Data block:

[Start of Attachment]

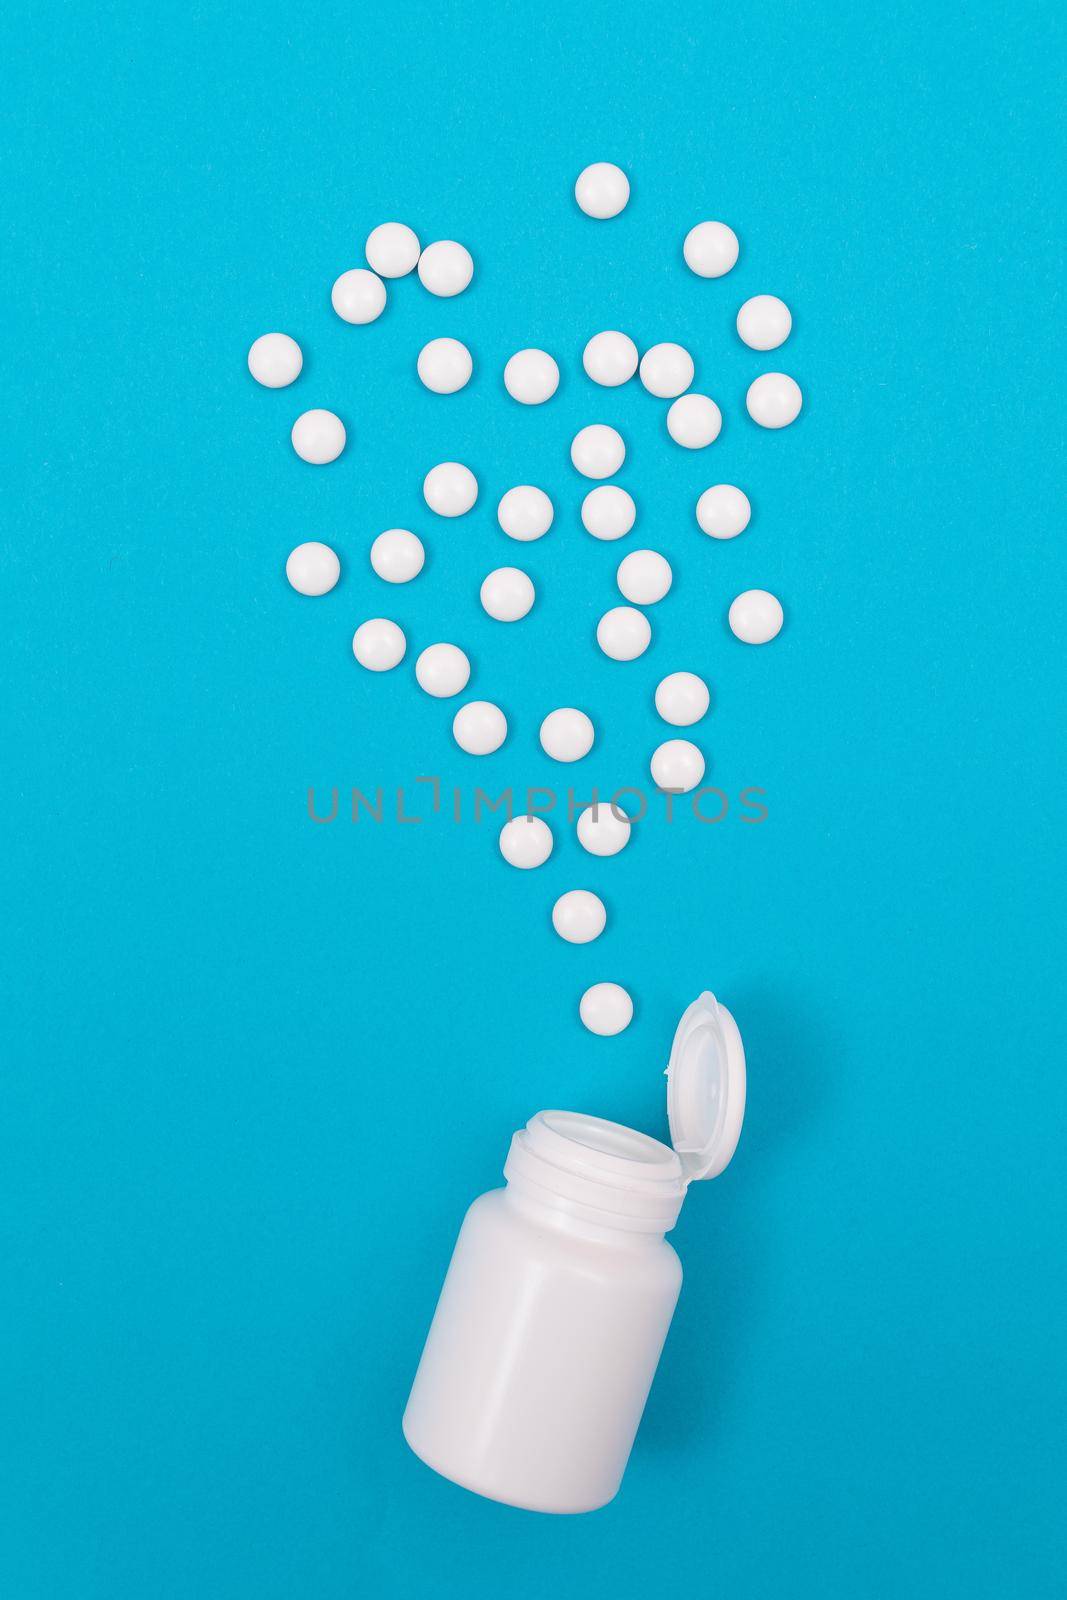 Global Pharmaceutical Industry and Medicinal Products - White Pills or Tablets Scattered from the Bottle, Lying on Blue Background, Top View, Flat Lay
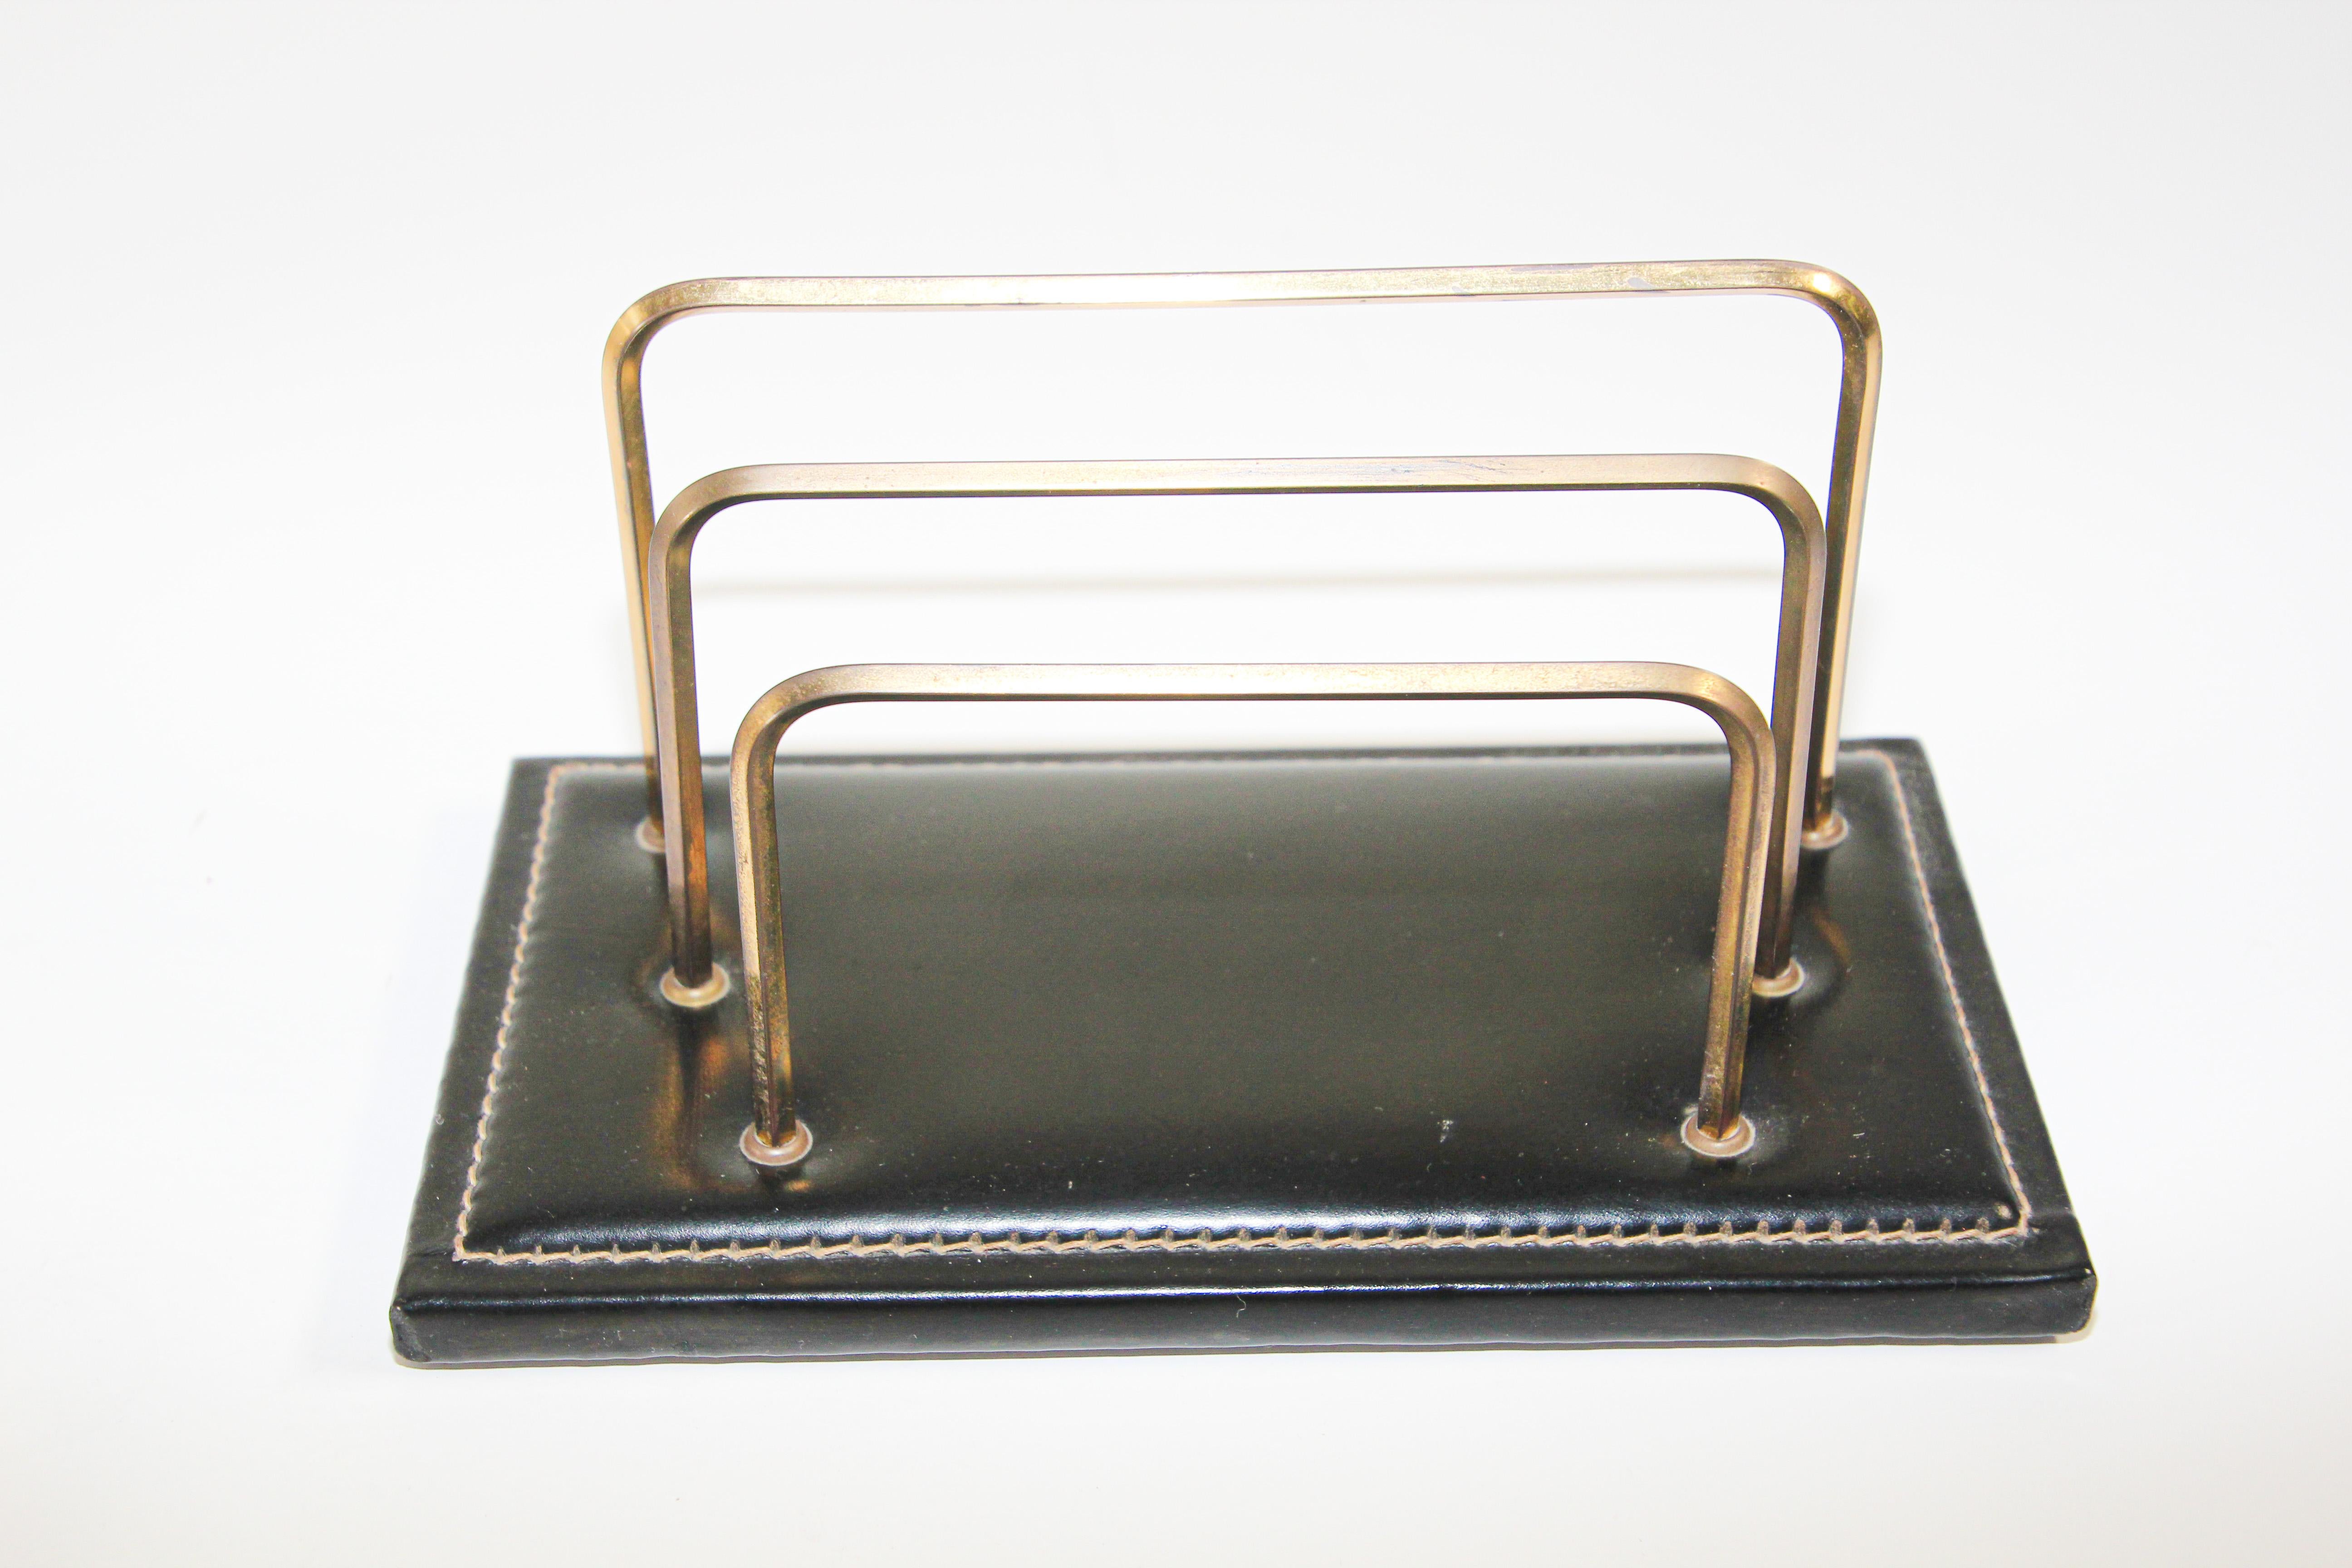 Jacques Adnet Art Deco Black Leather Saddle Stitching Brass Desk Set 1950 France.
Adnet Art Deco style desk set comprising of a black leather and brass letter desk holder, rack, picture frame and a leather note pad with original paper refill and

[End of Attachment]

Work instruction: In the listing above, find the line containing "Jacques Adnet Art" and restate it and every later line verbatim, with the pictures left out.

Response below:
 Jacques Adnet Art Deco Black Leather Saddle Stitching Brass Desk Set 1950 France.
Adnet Art Deco style desk set comprising of a black leather and brass letter desk holder, rack, picture frame and a leather note pad with original paper refill and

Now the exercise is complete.